Retired people aged 55 and over whose companies have reneged on commitments to provide retiree health insurance could buy into their former employers’ health plan through age 65 by extending the availability of COBRA insurance paid entirely by the employee. About 1.5 million people are in this category.
The administration estimates that out of all three groups, about 300,000 will participate in the Medicare expansion.
Health and Human Services Secretary Donna Shalala said one of the largest groups affected by the proposal would be unemployed women under 65 whose husbands are no longer privately insured because they receive Medicare.
Four years ago, Clinton’s effort to pass a comprehensive health care reform collapsed, and the president’s new proposal to expand Medicare is his third initiative in three years to reduce the nation’s burgeoning rolls of people who lack health insurance. Nearly 42 million people are uninsured, up more than 1.1 million from a year ago.
Two years ago, Congress passed the Health Insurance Portability and Accountability Act, which guaranteed private health insurance to workers who changed jobs and forbade insurers from denying coverage based on people’s health conditions.
Last year, Congress passed a $24 billion program to help states expand health care coverage for children.
“This is strategy two,” Shalala said, recalling the failed health reform plan. “We’re taking deliberate strategic steps to fill in the gaps where the health care system in this country is weak.”

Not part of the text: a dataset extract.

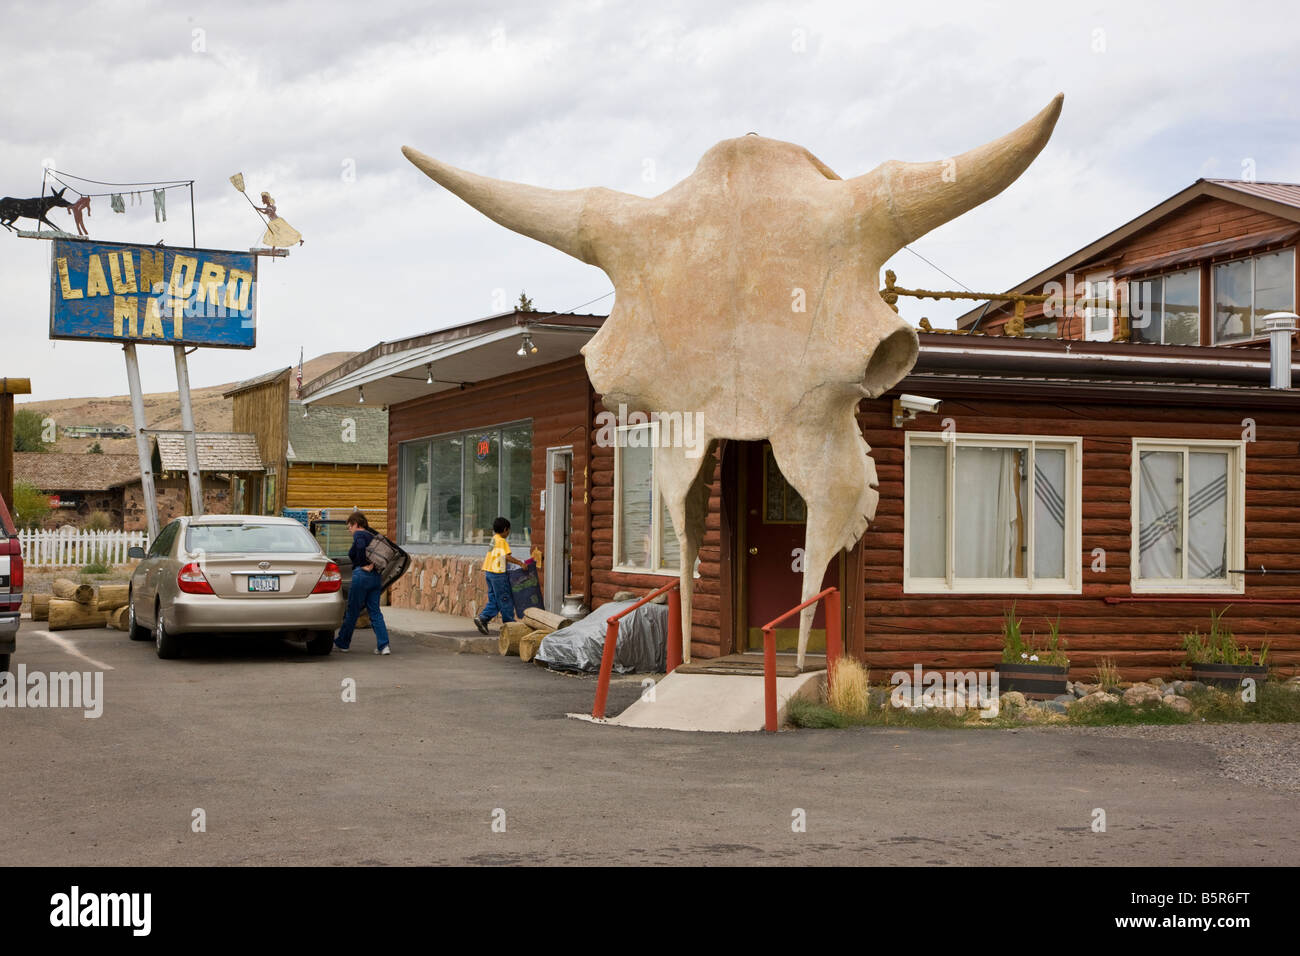 Ingresso umoristico di una lavanderia a gettoni in Dubois, Wyoming negli Stati Uniti. Un sovradimensionamento del cranio di vacca incornicia la porta. Foto Stock

Reaction to the proposal followed the familiar pattern of labor unions and elderly advocacy groups voicing support, while conservative and business groups voiced opposition.
The Health Insurance Association of America, which spearheaded the effort to scuttle Clinton’s health reform plan in 1994, offered subdued criticism of the new plan, saying “we should avoid relying upon government-run health care to do the job, especially a government program that already is under financial duress.”
The U.S. Chamber of Commerce and the National Association of Manufacturers both criticized the plan, as did Steve Forbes, a Republican presidential candidate in 1996 and possible candidate in 2000.
Meanwhile, the AFL-CIO, the American Association of Retired Persons, Families USA, and the National Committee to Preserve Social Security and Medicare offered varying degrees of support for Clinton’s plan.
Rep. Pete Stark, D-Calif., who last year introduced a Medicare buy-in bill for people over 55, said “I think the Republicans are going to have to sign on to this, and, if they don’t, it’s at their peril.” xxxx WHO BENEFITS? President Clinton’s Medicare proposal is aimed at three groups: Americans age 62 through 64 could buy into Medicare by paying a premium of about $300 a month - the average cost of insuring Americans. Workers over 55 who have involuntarily lost their jobs and their health-care coverage would be eligible for a similar Medicare buy-in at a cost of $400 a month. Workers over 55 whose companies reneged on promises to provide them with retirement health-care benefits would be allowed to buy into their former employers’ health plan through age 64. The cost will be about 125 percent of full insurance coverage.